Show the 'category_df' DataFrame with top five rows.

Show the 'subcategory_df' DataFrame with top five rows.

1.4 Create the Campaign DataFrame

Create a copy of the 'crowdfunding_info_df' to transform the crowdfunding.xlsx data.

Rename the specific columns and sets their appropriate data types for 'campaign_df' DataFrame.

Convert the 'launched_date' and 'end_date' columns to UTC datetime format.

Drop the unwanted columns for campaign DataFrame.

Confirm the number of columns after dropping in the DataFrame and then export the campaign DataFrame as campaign.csv.

1.5 Create the Contacts DataFrame ( Using Python Dictionaries)

Extracting and transforming the data from the 'contacts.xlsx' excel data.

Iterate through the 'contact_info_df' DataFrame to get the data values of all rows in a list.

Create a 'new_contact_info_df' DataFrame for contacts data.

Split each "name" column value into a first and last name, and place each in a new column.

Reorder the columns and Display the new DataFrame i.e. 'new_contact_info_df' with first ten rows.

1.6 Create the Contacts DataFrame ( Using Regular Expression)

Extracting and transforming the data from the 'contacts.xlsx' excel data into 'regex_contact_info_df' DataFrame.

Extract the four-digit contact ID number. Extract the "contact_id", "name", and "email" columns by using regular expressions.

Split each "name" column value into a first and a last name, and place each in a new column.

Display the created 'new_regex_contact_info' DataFrame with first ten rows.

Deliverable 2: Load the Data to Postgres Database

2.1 Prerequisites

PostgreSQL database
pgAdmin

2.2 Data Modeling

Inspect the four CSV files, and then sketch an Entity Relationship Diagram of the tables.
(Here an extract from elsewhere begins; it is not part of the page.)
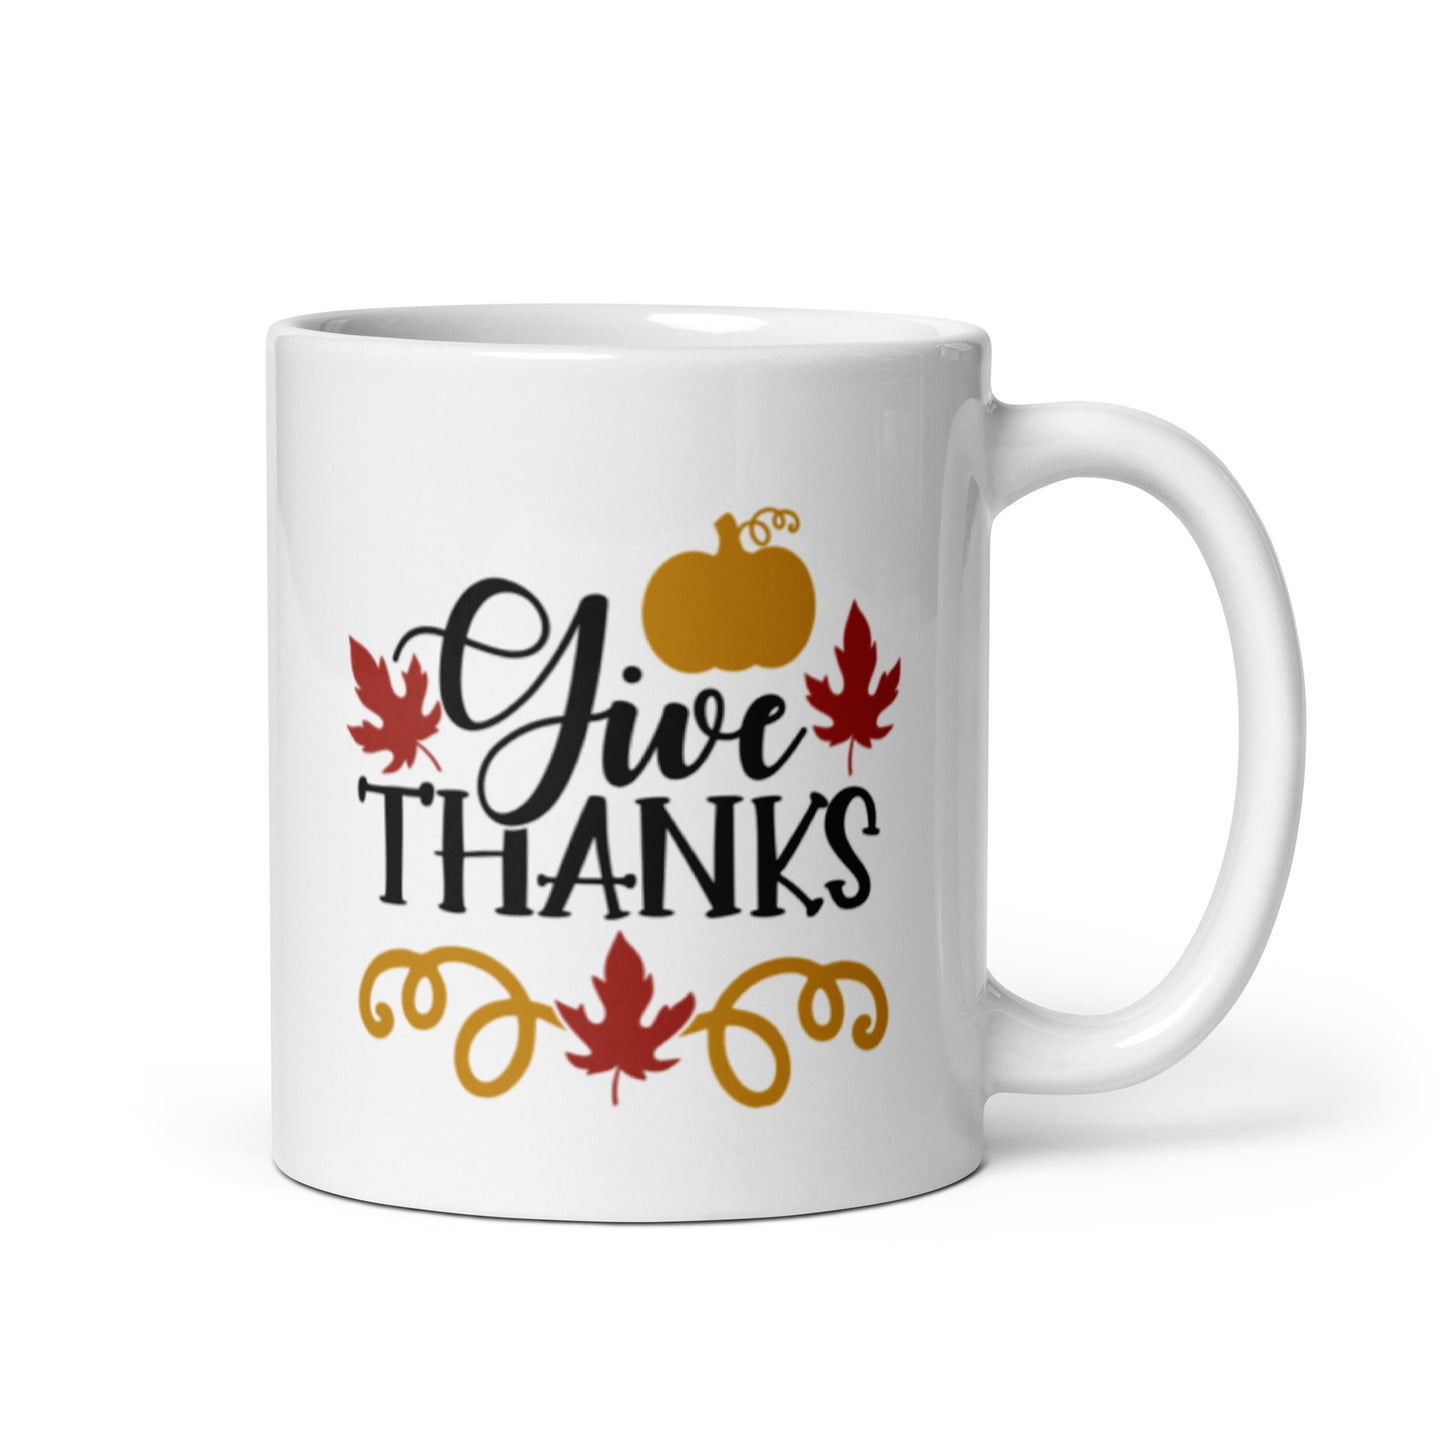 Give Thanks White glossy mug

To create the sketch, we use a QuickDBD as one of best tool for design ERD.

Here is how the database model prepared.

During the inspection of the data files, we discovered some dependencies between the tables with repect to the columns of data.
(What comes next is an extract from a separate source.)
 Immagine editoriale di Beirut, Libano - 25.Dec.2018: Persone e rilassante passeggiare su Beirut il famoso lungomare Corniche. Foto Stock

We set the 'contact_id' as primary key for 'contacts' table, however in the 'campaign' table this acts as a foreign key as the 'campaing' data is dependent to 'contacts' data. Considering this dependency, we set many to one relationship between them.

Likewise, the 'campaign' table is dependent on the category and subcategory table with 'category_id' and 'subcategory_id' as foreign keys. Considering the unique values the same fields are primary keys in the 'category' and 'subcategory' table.

2.3 Data Engineering

Create the Database and Table Schema

Create the 'crowdfunding_db' database in pgAdmin using SQL.
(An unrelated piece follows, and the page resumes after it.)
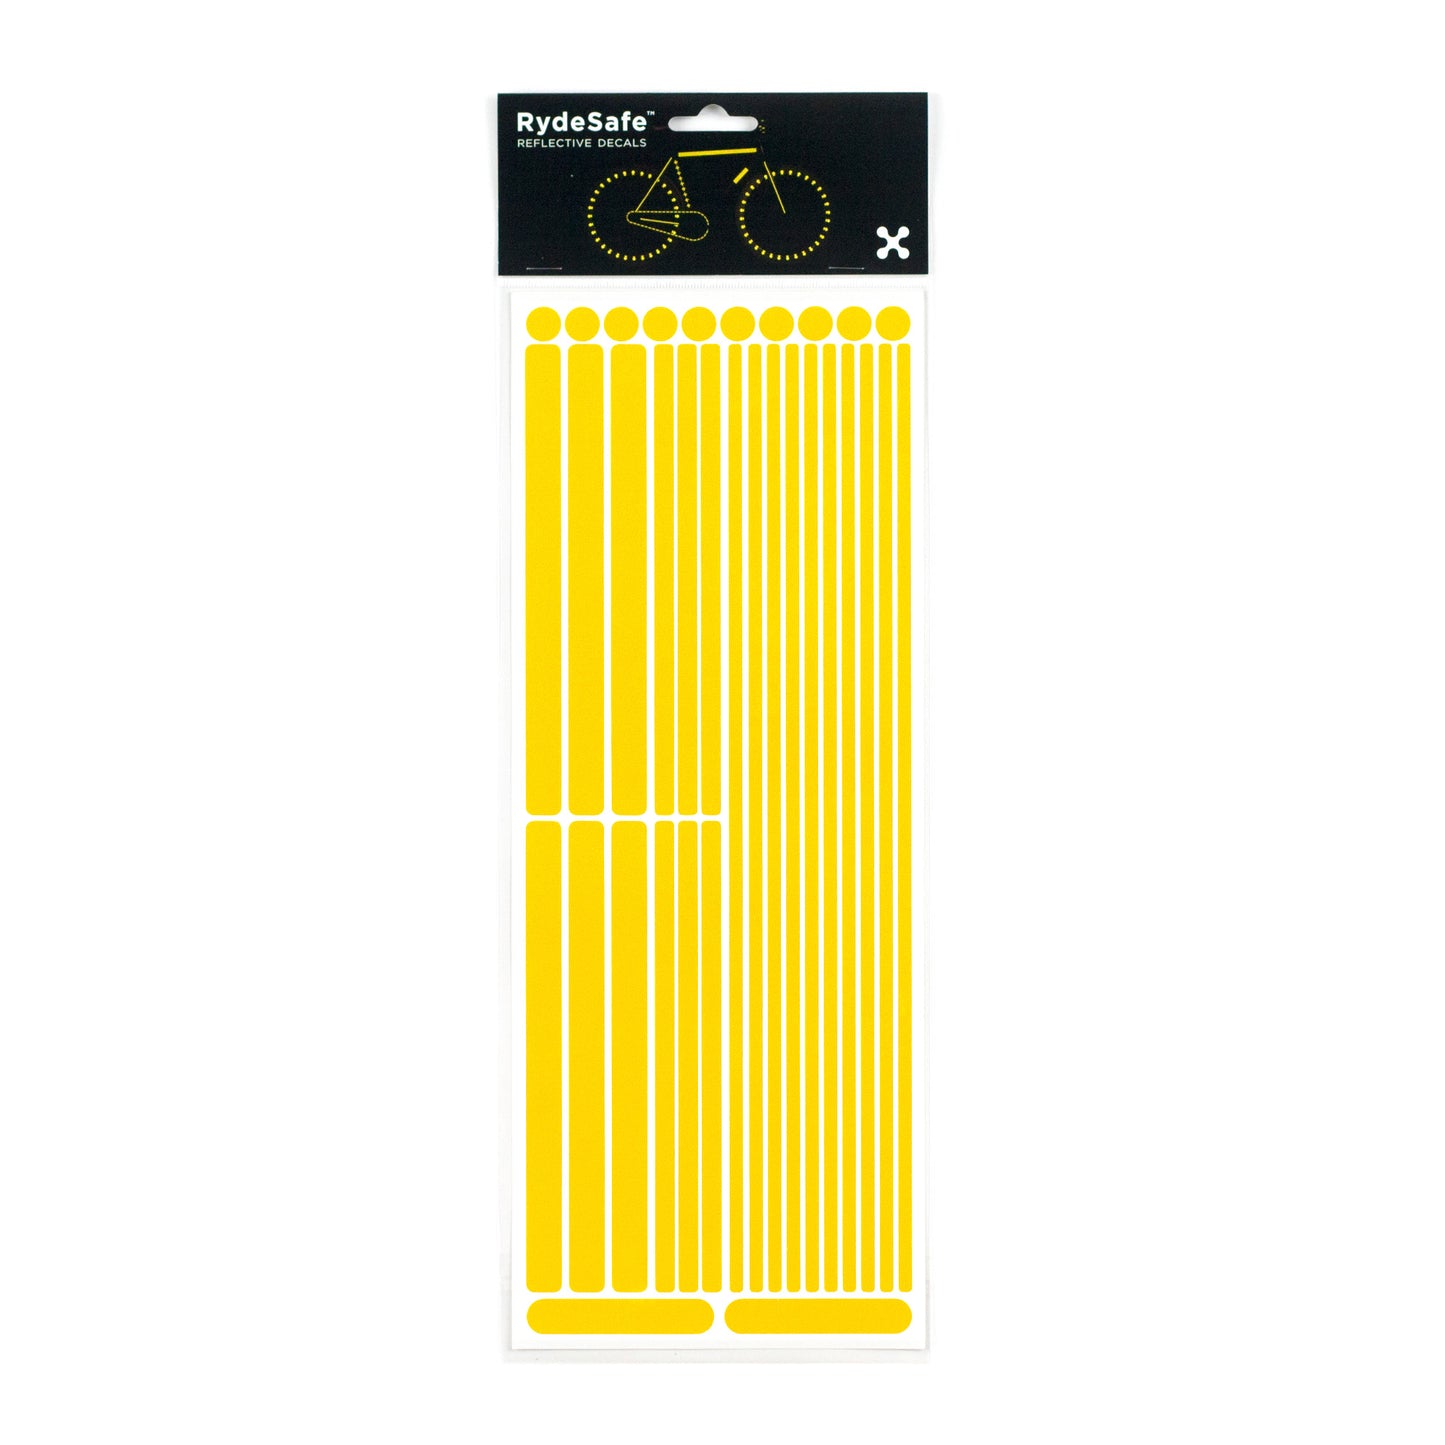 RydeSafe Reflective Stickers Multi-Shape Kit - Yellow

Create a table schema for each of the four CSV files.

Specify the data types, primary keys, foreign keys, and other constraints.

Create the tables in the correct order to handle the foreign keys.

Import Data Files

we can see how successfully the process for all four files completed.

Tables Data

Initially, we wrote the below 'select' queries in order to fetch the data from their respective tables.

Tables data at a glance:

Display the results of 'contacts' table for the first 10 rows.

Exhibit the results of 'category' table for the first 10 rows.

List the results of 'subcategory' table for the first 10 rows.

Show the results of 'campaign' table for the first 10 rows.

Name		Name	Last commit message	Last commit date
Latest commit History 27 Commits
.ipynb_checkpoints		.ipynb_checkpoints
Crowdfunding Database Files		Crowdfunding Database Files
Images		Images
Output Files		Output Files
Resources		Resources
.DS_Store		.DS_Store
.gitattributes		.gitattributes
ETL_Mini_Project.ipynb		ETL_Mini_Project.ipynb
README.md		README.md

Provide feedback

Saved searches

Use saved searches to filter your results more quickly

Repository files navigation

Crowdfunding_ETL

Extract, Transform and Load the Crowdfunding Data

Introduction

Deliverable 1: Extract & Transform Using Jupyter Notebook

1.1 Prerequisites

1.2 Data Sources

1.3 Create the Category and Subcategory DataFrames

1.4 Create the Campaign DataFrame

1.5 Create the Contacts DataFrame ( Using Python Dictionaries)

1.6 Create the Contacts DataFrame ( Using Regular Expression)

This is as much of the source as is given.